The news was received with mixed emotions last week. There was some relief that a match was found - we could have easily been told that there was no possibility of a transplant, after which we could only think of our time with dad in the context of months instead of years. But the procedure is a risk, and no one is more aware of this than dad. Listening to his doctor, dad's countenance turned introspective and somber, like a soldier in those last awkward moments before being deployed to war.
A bone marrow transplant (or a blood stem-cell transplant, which is what dad will be getting) is, in itself, not a really big deal. It’s simply a couple vials of blood infused through an IV line. But the preparative regimen which leads up to the transplant is an assault. And the months that follow, a battle. Winning means gaining the potential for lots and lots of years added onto one’s life.
Since getting sick in January, dad has continually told my mom that he will do whatever the Lord puts in his path to fight the cancer. If God opens up a door, he’ll step through it. And if He doesn’t, he’s OK with that because he’s in God’s hands. This is not just religious talk from a guy who works at a church. I’ve seen dad living his faith this past month - evident in one of those great paradoxes of God’s design: As dad gets weaker, it seems he is getting stronger.
Mom is perhaps getting stronger too, but she wears her fears a little more outwardly. She cried some between sentences as we spent the long day together at the hospital, talking about everything and anything. “Do you ever wonder,” she asked quietly,“why me?” We were in the waiting room at the pulmonary function testing center. Dad was with doctors engaged in one of many, many tests required before his transplant. It was the first test of the first day of ten days of preparations before six weeks of medical isolation for dad. After that would be six months of recovery at home and an uncertain future. Mom was starting to feel the weight of what was ahead. And I was there trying to figure out how I could help her carry it.
Today, I could only do that by being with her and laughing together. Then, keeping watch and giving mom some time to get away and arrange flowers at the recreation center, sitting together again, sharing a hot chocolate, and trying to encourage her.
Dad fell asleep during a two-hour IV drip and I got a call from Kenya. I walked out of the treatment suite he was in, and over to a hallway with a window. As I looked out over the upper east side of Manhattan, my heart was taken back to Africa. Jim called to tell me the details of an aircraft accident we had in Sudan this past Saturday. At a place I’ve been to many times, in an airplane I know like a friend, one of my colleagues and four missionaries had crashed on takeoff. The plane, destroyed. But the hand of God, evident from the moment the plane came to rest upside down in a ditch. No-one seriously hurt. Grace pouring out like the hundreds of gallons of jet fuel. The missionaries, now resolved more than ever to press on working at that difficult and oppressive place. The airplane, already in the process of being replaced. The team, pulling together because they have to.
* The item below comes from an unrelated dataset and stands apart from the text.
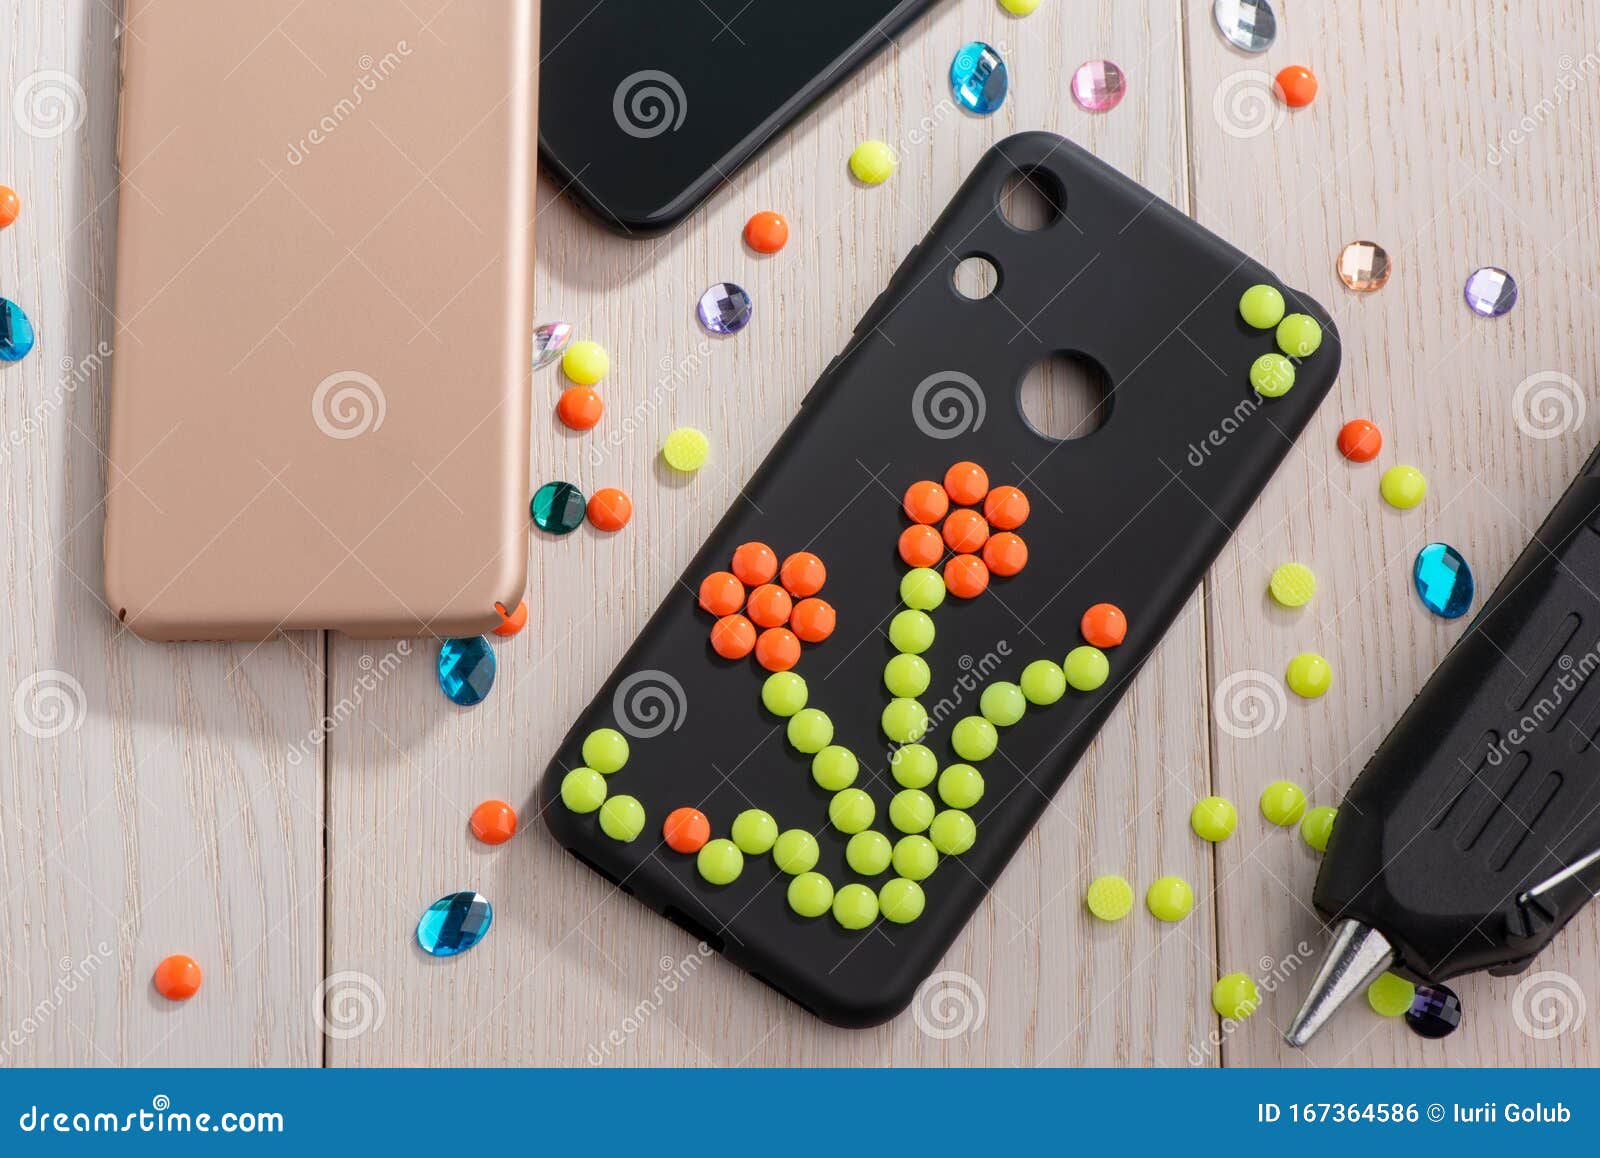 Flower Art On Black Phone Case Beads And Rhinestones Stock Photo

It was hard news to hear just days ago when I got the first phone call. An aircraft accident is a really big deal, even if the injuries are only minor, and I know everyone at AIM AIR will be affected by it. Our team was already stretched with flying this season, and my departure in March didn’t help any. While listening to the few, sketchy details last Saturday, my stomach was in knots. And my first thoughts were of the “why” variety that mom had just expressed to me. Why now? Why are we not there to help? I’m sure the guys back in Kenya have been asking the same kinds of questions. Especially the pilot. I’ve been there. At a muddy little strip in Sudan, not entirely sure how the airplane will perform. It could have happened to me.
But after talking to Jim, as I stood there with my emotions stretched between two different worlds, I began to get a picture of God working through the wreck. I wouldn’t claim to know “why” this happened. Or why it happen now as opposed to last year. Or why it happened to someone else and not me. But I could say for sure that I see God has a plan. This would be a lot harder to say if there had been fatalities.
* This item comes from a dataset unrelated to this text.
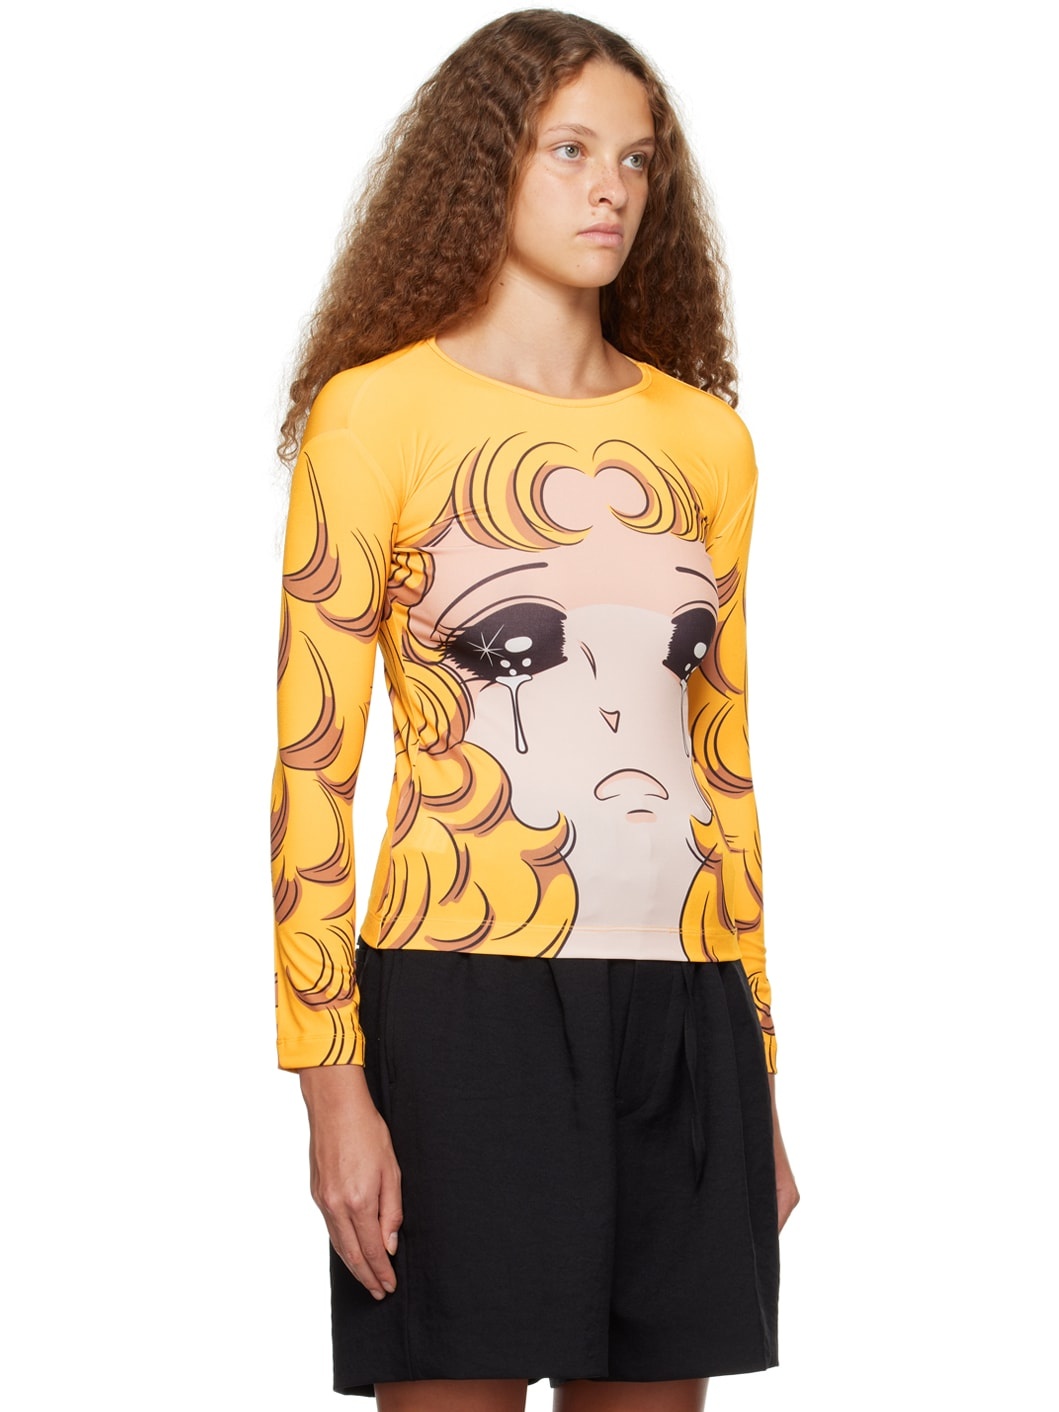 SSENSE Exclusive Yellow Crying Girl Long Sleeve T-Shirt - 2

Mom and dad are facing a "crash" in slow motion. It’s inevitable. What remains to be seen is where the pieces fall and how both of them will come out of it. When mom asked me if I ever wondered “why me?” it was because she was wondering that very thing. I didn’t have an answer for her, but she found one in the course of the conversation without my help. She told me that she believed God was doing something through this. And that His plan probably isn’t only for her and dad, but for someone else too. I thought mom answered her own question wisely.
Actually, what she said answers a lot of questions.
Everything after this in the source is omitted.